The Devil was sorely put to his trumps. But when it came to releasing a thousand and one souls from hell,–ah, that staggered him! He had to build the church, and a noble one it was too. Then he endowed the church, and finally he built a parsonage; altogether it was a stupendous work, and Daniel got all the credit for it. The preacher whom Daniel installed in this magnificent temple was severely orthodox, and one of the first things he did was to preach a series of sermons upon the personality of the Devil, wherein he inveighed most bitterly against that person and his work.
By and by Daniel made the Devil endow and build a number of hospitals, charity schools, free baths, libraries, and other institutions of similar character.
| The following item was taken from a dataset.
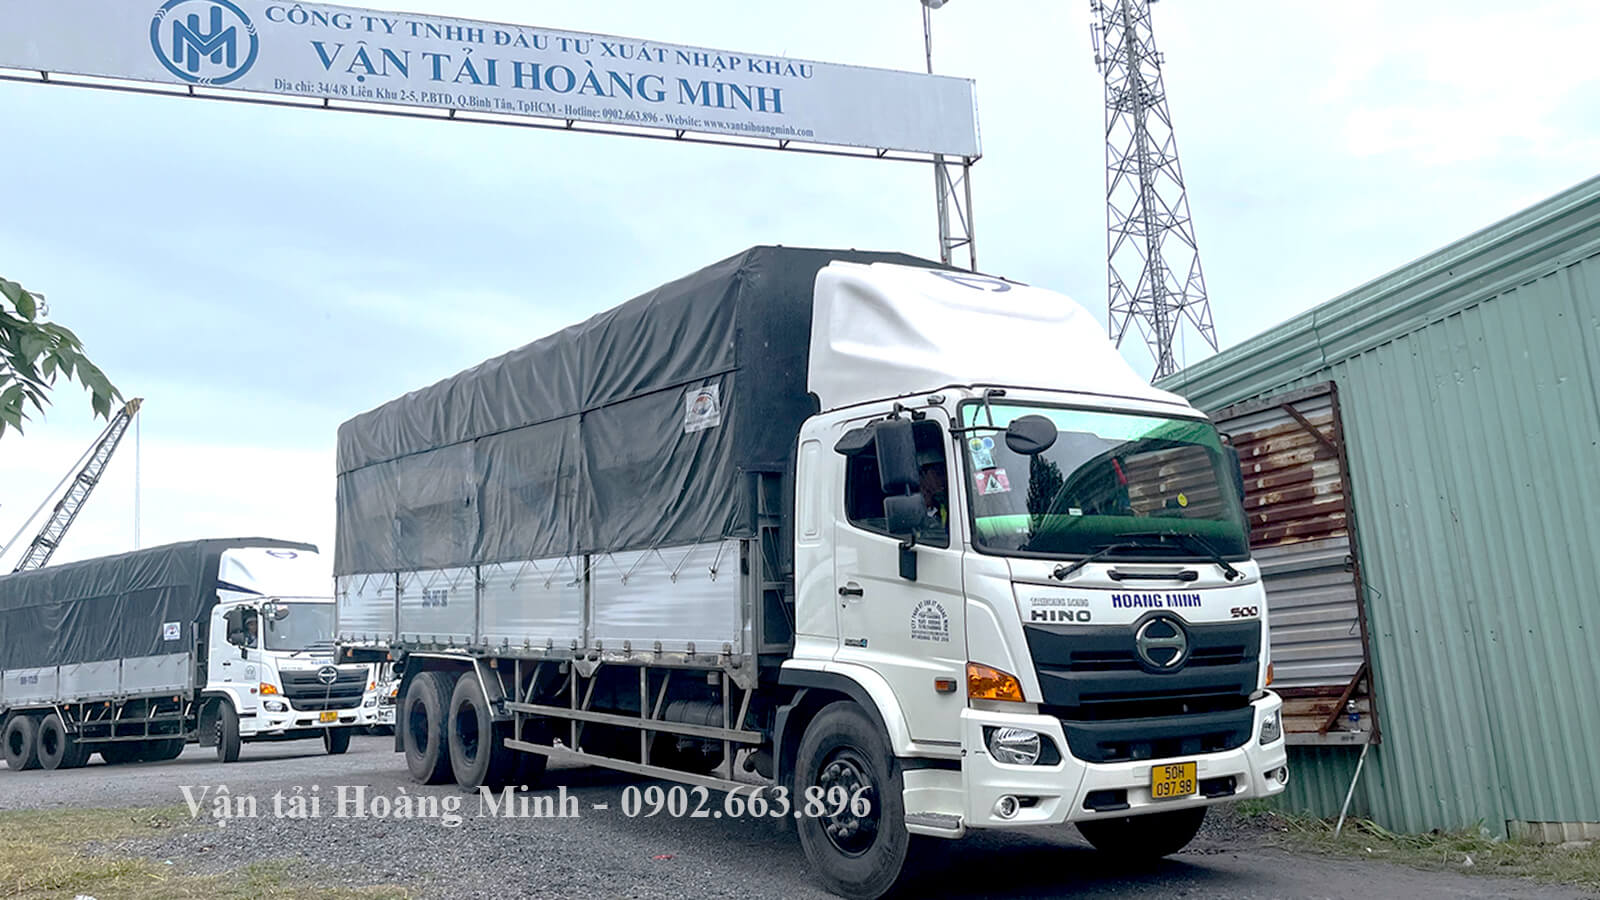 Cho thuê xe tải chở hàng Huyện Củ Chi giá rẻ nhất TpHCM.jpg

Then he made him secure the election of honest men to office and of upright judges to the bench. It almost broke the Devil’s heart to do it, but the Devil was prepared to do almost anything else than forfeit his bond and give up those one thousand and one souls. By this time Daniel came to be known far and wide for his philanthropy and his piety. This gratified him of course; but most of all he gloried in the circumstance that he was a business man.